DATA UNDER STUDY:
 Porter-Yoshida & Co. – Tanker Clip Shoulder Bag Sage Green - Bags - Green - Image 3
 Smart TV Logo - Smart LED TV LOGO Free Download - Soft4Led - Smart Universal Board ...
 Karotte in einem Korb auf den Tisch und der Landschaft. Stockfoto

==

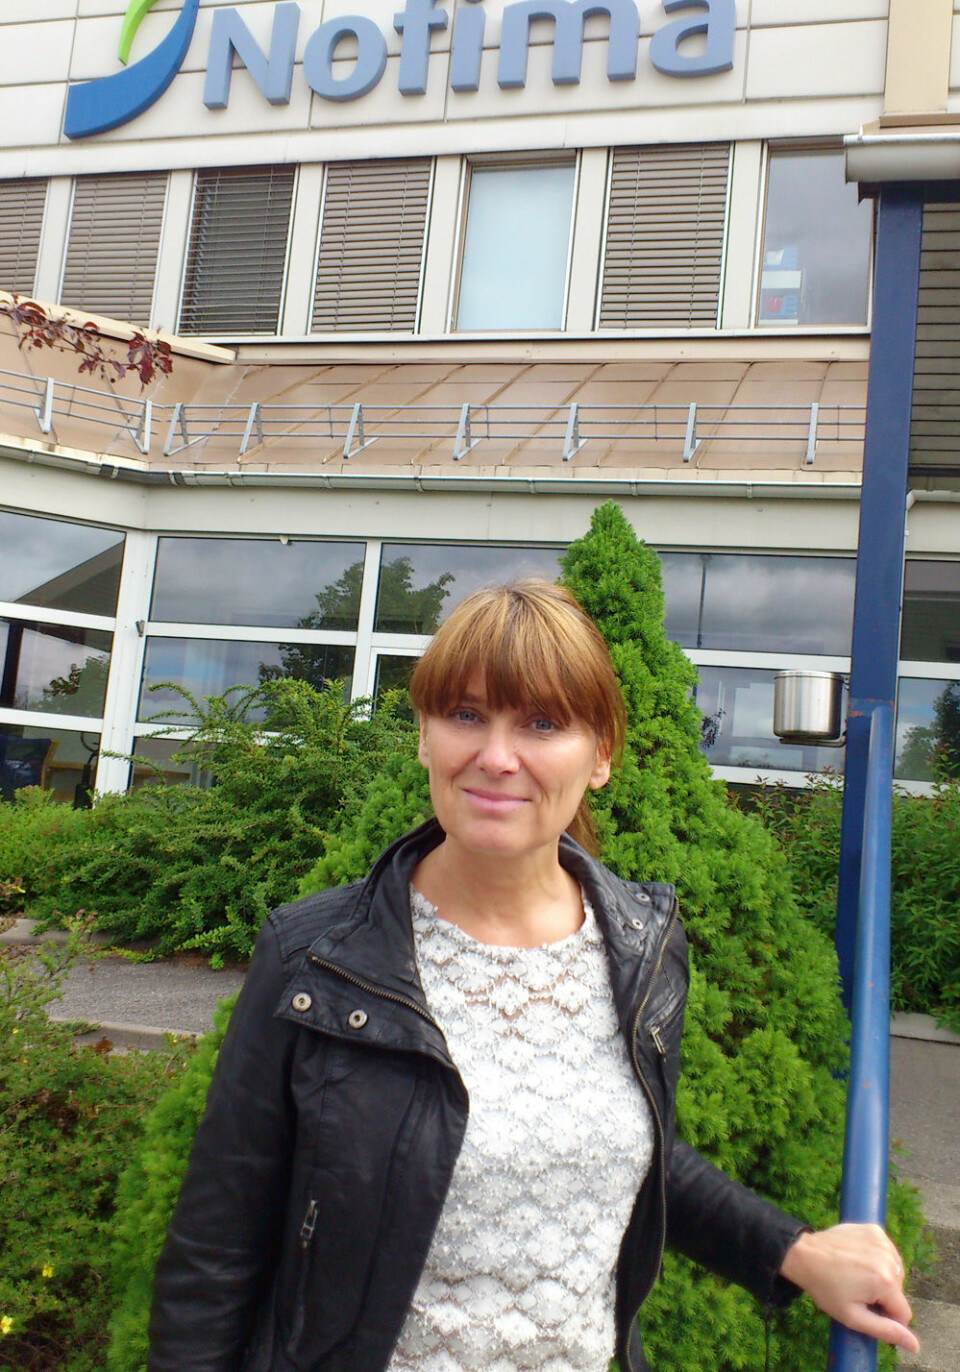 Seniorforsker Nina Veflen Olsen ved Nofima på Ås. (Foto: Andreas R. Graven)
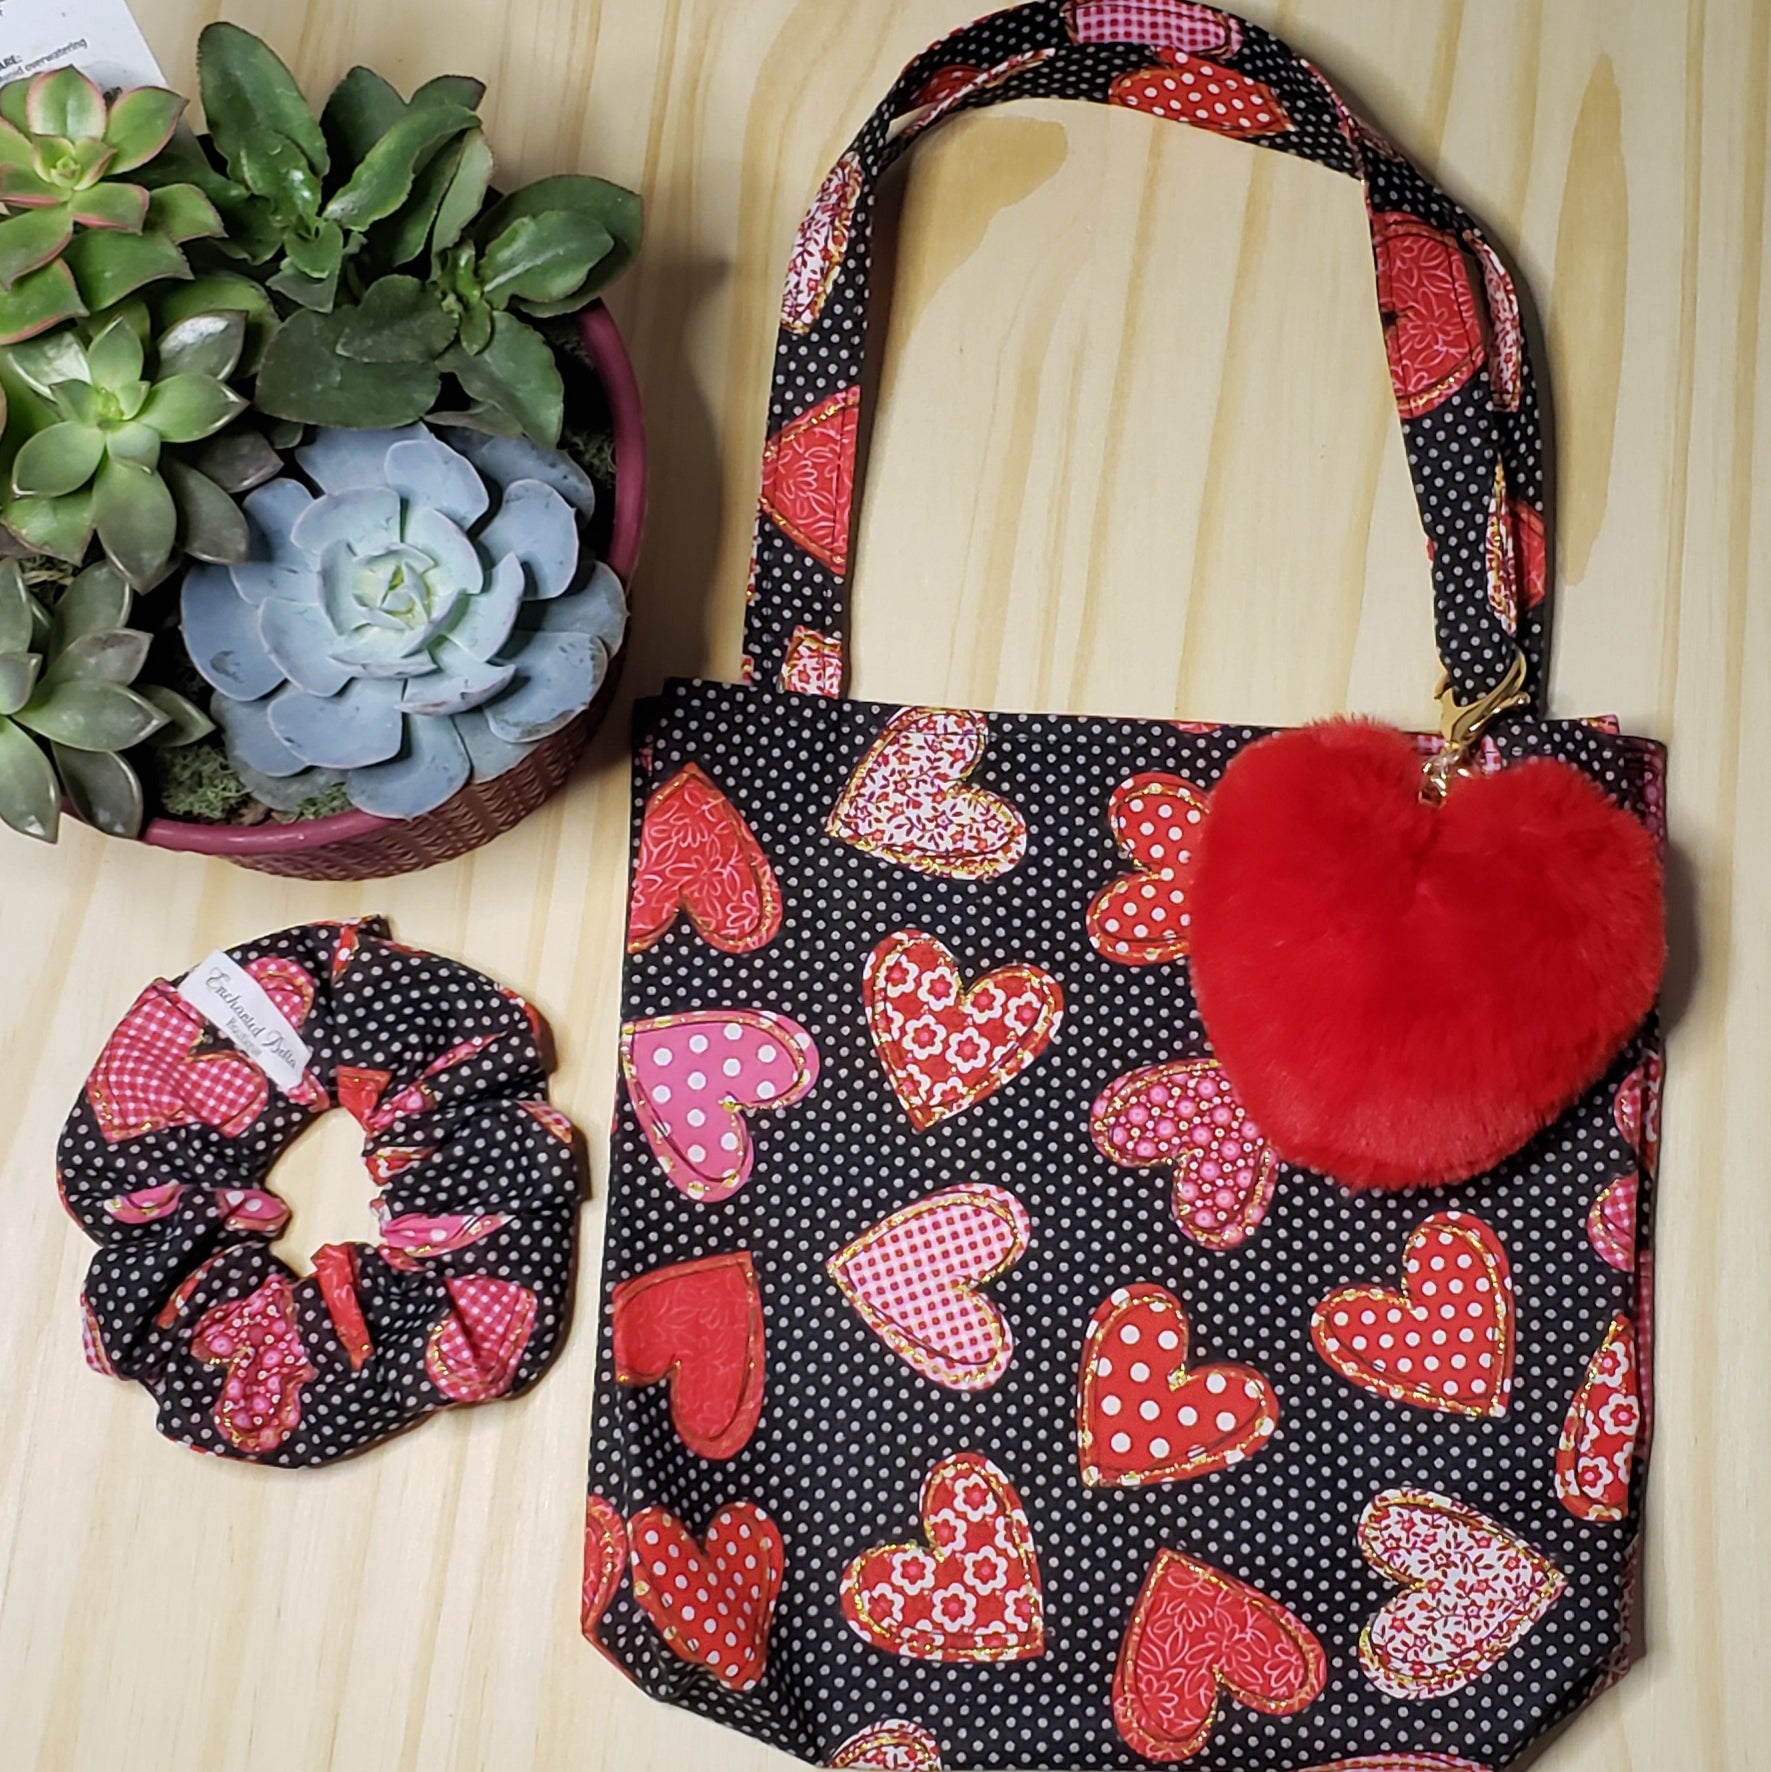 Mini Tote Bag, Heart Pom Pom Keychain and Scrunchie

* * *

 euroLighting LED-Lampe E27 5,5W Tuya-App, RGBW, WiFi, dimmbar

YOUR ASSIGNMENT:
I'd like the lines above from the one with "Porter-Yoshida & Co." up to and including the one with "Karotte in einem" copied exactly, with no other lines.

WRITTEN ANSWER:
 Porter-Yoshida & Co. – Tanker Clip Shoulder Bag Sage Green - Bags - Green - Image 3
 Smart TV Logo - Smart LED TV LOGO Free Download - Soft4Led - Smart Universal Board ...
 Karotte in einem Korb auf den Tisch und der Landschaft. Stockfoto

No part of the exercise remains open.